We build them, don’t we? For shelter, or for the simple act of demarcation. You could step right over this, but now we both know it’s my yard. There are good colorful toys for wall-building: they click into place just so. There’s sloppy mortar too, bricks of all kinds or stones of all sizes puzzled together, make some of us very happy like here we are just like our ancestors with all that patience. Walls of dung, yes? Walls made of tires, of rice paper, of corrugated cardboard with exacto little window flaps. Tiny sand walls with fingerprints all the way around the moat. And of course, those framed first with twobyfours, yes, yes, sheetrock.

We build walls of dirty dishes sometimes, broken promises.
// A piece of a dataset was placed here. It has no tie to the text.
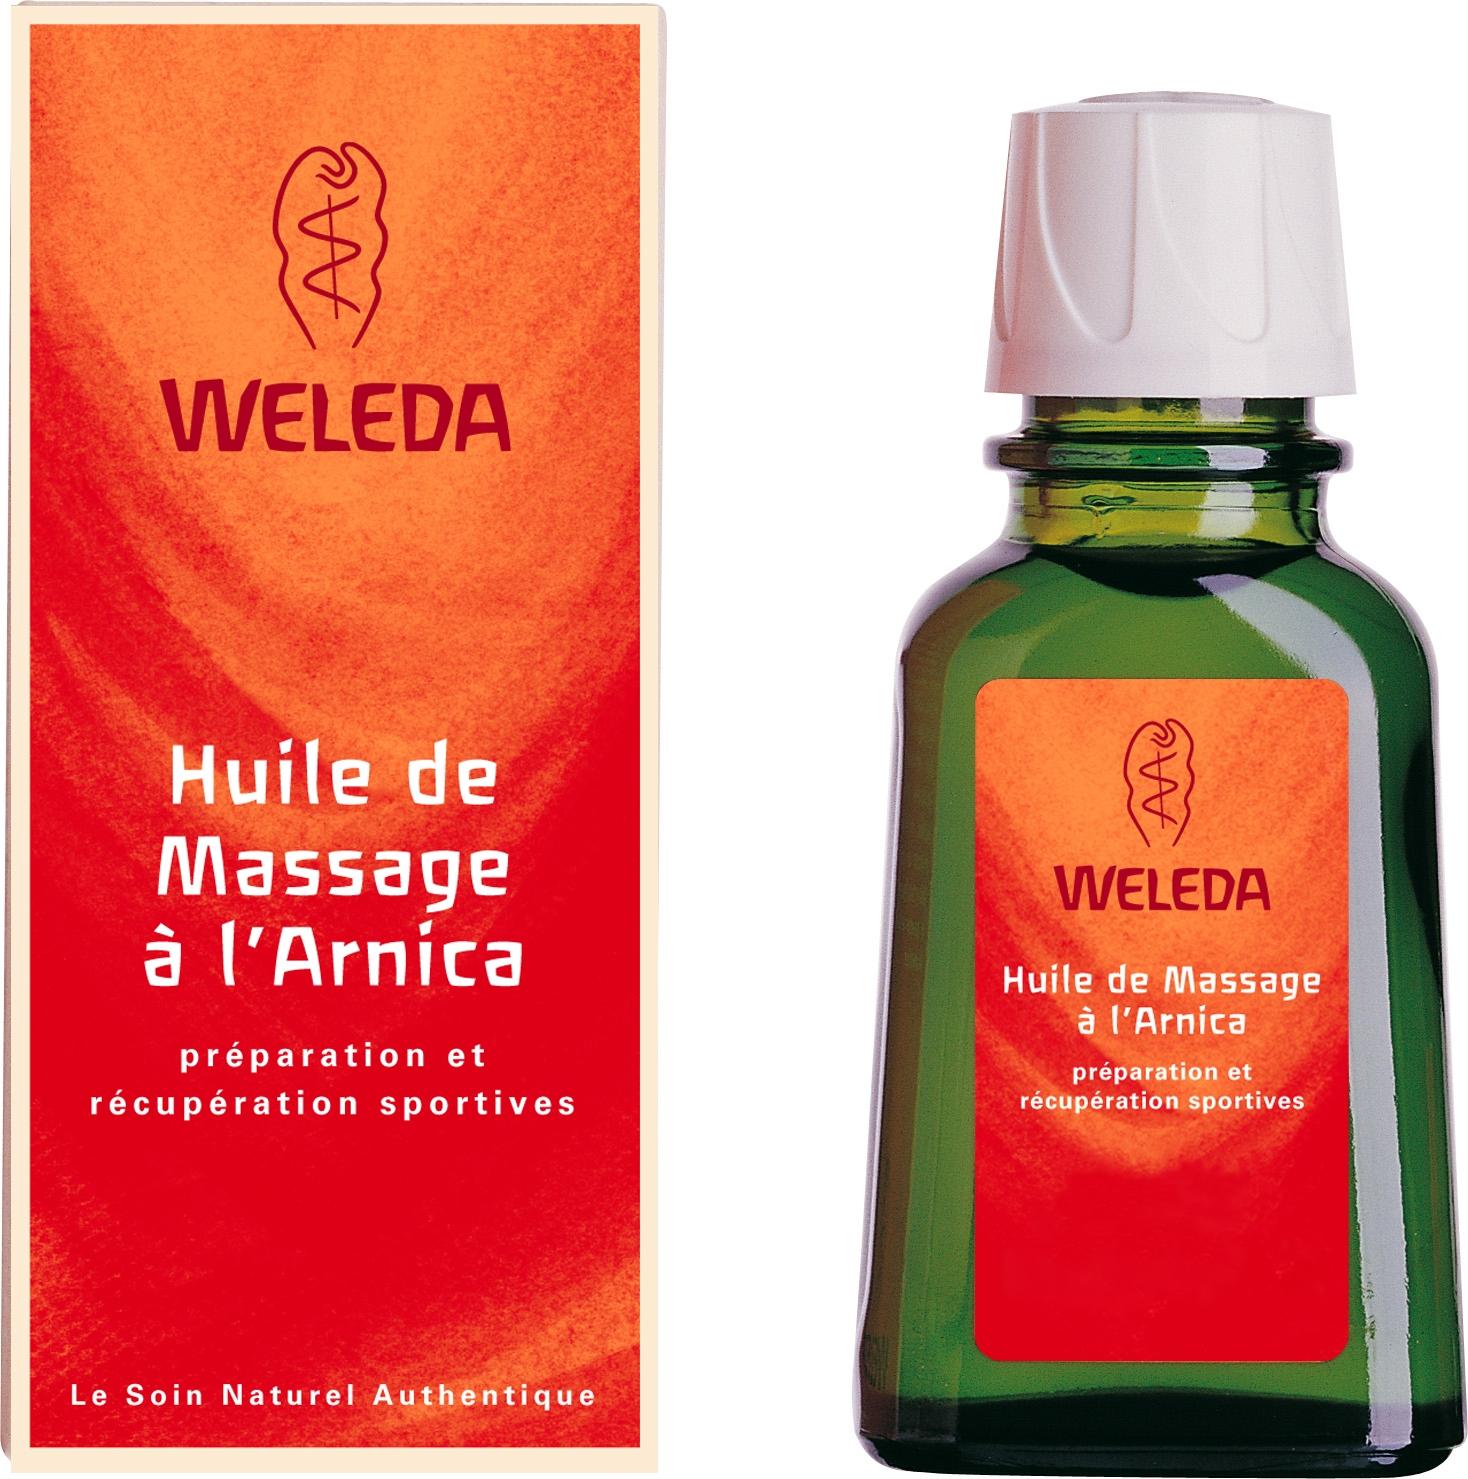 WELEDA huile_massage arnica_50ml

The wall between this boy and this girl, they didn’t know. They just didn’t see each harsh word dripping and hardening over the last. All those flowers. Still.

And this one here between father and son. The things said, the things unsaid, over the years. And now, well, what can be done about it? The tide might come in. The father’s chest, at this age, might rise with one good breath. He might take the blade in his hand, extend the knife’s handle to his son, say, you carve this year. Later the father might say, I know a good place to get those shoes of yours shined. Or better yet, wait. That kit’s here somewhere. The soft brush with the wooden handle. Remember? When you were a boy I’d let you brush after I rubbed the polish in. That’s when I wore boots every day. Now these goddamn white walking shoes. I feel like a nurse. Yes, I remember, the son might say. Mom would get mad at you when my fingers were blackened. Oh, says the father, you can’t keep your hands clean polishing boots now, can you?